For an explainer on how it could work, read this:
There is also lot of skepticism about how something like this could work.
US Providing Air-Defense System (9:10 a.m.)
The impending US announcement of the purchase of NASAMS, an advanced medium to long-range, surface-to-air missile defense system, comes as Biden and G-7 allies prepare to meet virtually with Zelenskiy. Ukraine is the target of missile attacks and can only fend of a fraction of incoming rockets. Questions remain on how quickly the government in Kyiv can get the defense systems, how many will come and how long will it take to train people to use them.
“That kind of defense system is absolutely what the Ukrainians need,” said Jim Risch, the top Republican on the Senate Foreign Relations Committee, in an interview.
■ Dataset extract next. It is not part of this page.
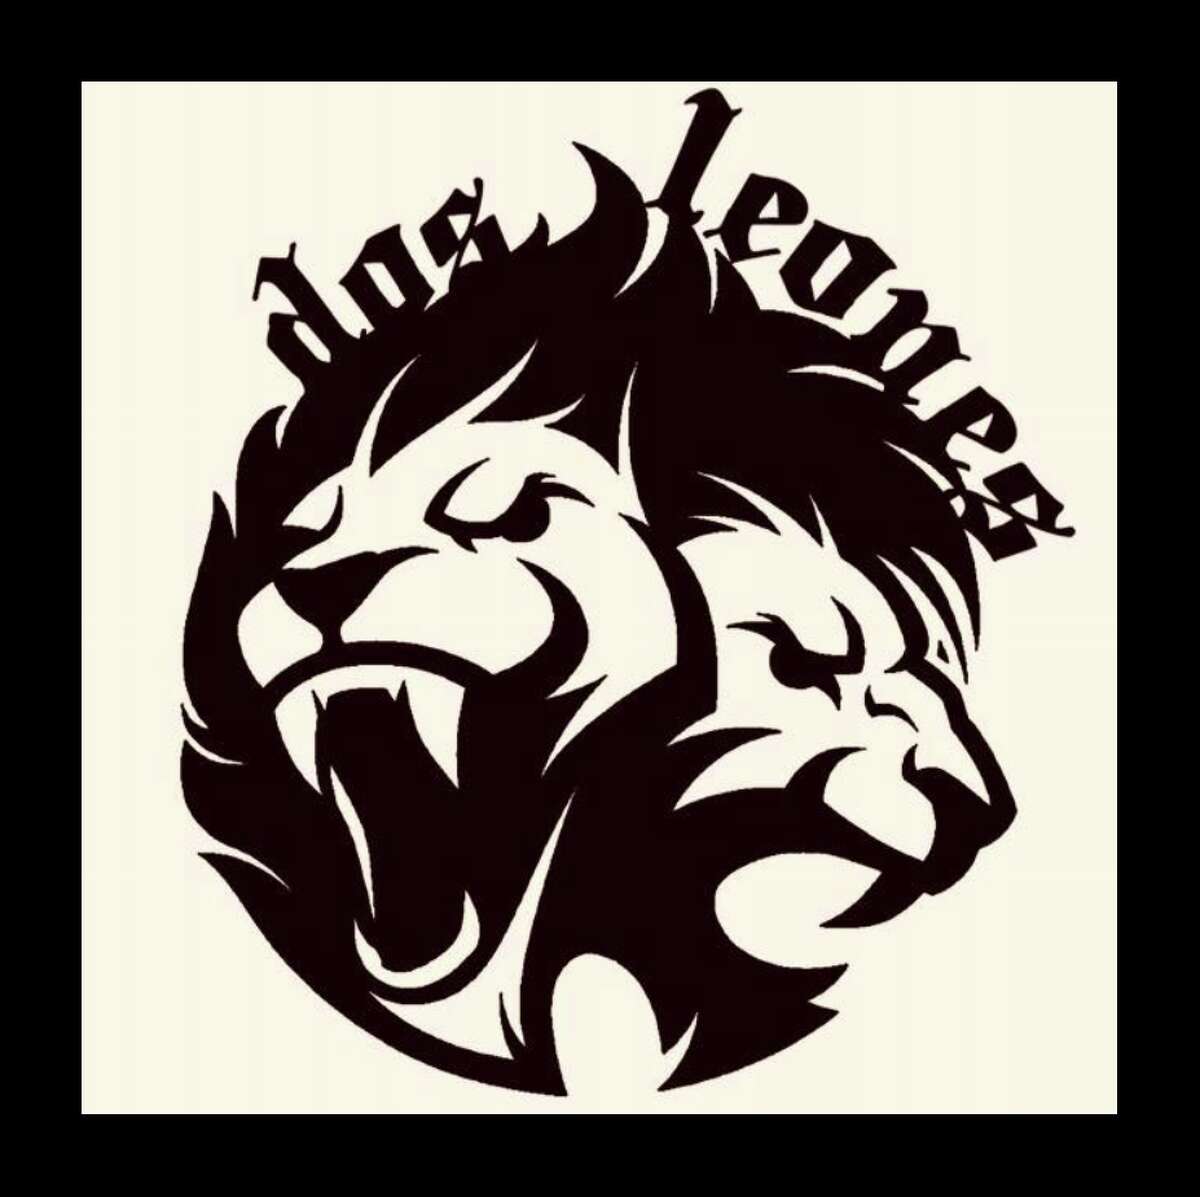 Dos Leones, which is a local band created in July 2012, is trying to gather as much support so they can win a contest that would allow them to perform in a venue in Los Angeles, California and play alongside some of the greatest acts in the music industry today. The band is asking for the public’s support in efforts to win the contest. 

He just got back from Kyiv where he met with Zelenskiy.
Sanctions Hurting Russia, Scholz Says (8:30 a.m.)
Scholz said international sanctions on Russia will continue to hurt its economy, pushing back against criticism that not enough is being done to choke off revenue from energy exports that continues to flow into Moscow’s coffers.
The sanctions “have contributed to the fact that Russia’s economy has been, and will continue to be, significantly weakened, because a country more or less cut off from technological progress will soon fall behind significantly economically,” Scholz said in an interview with public broadcaster ZDF.
Scholz said G-7 leaders are discussing a ban on imports of Russian gold, but it was not the forum for a definitive decision and the issue would also have to be addressed by the 27-nation European Union.
Putin Must be Challenged at G-20: Von der Leyen (8 a.m.)
European Commission President Ursula von der Leyen said it would be better to confront Putin at November’s G-20 summit if he attends rather than boycott the meeting in Bali.
“It’s important to tell him to his face what we think of him and what we think of this type of action,” von der Leyen said late Sunday in an interview with ZDF.
“Other autocrats around the world are looking very closely at whether it is still possible to move borders and invade countries with brute force, military might, or whether democracies will stand up and use their own strength,” she added.
UK to Help Trace Stolen Ukraine Grain (8 a.m.)
The UK will contribute 1.5 million pounds ($1.8 million) to develop a testing process to identify if grain sold by Russia on the world market has been illegally taken from Ukraine. The aim is to “tackle the scourge of stolen grain, deterring Russian activity and ensuring Ukraine is getting the revenue it so desperately needs from any grain it grows,” the government said.
The UK is also contributing up to 10 million pounds in materials and equipment to repair rail infrastructure and help get grain out of the country by rail.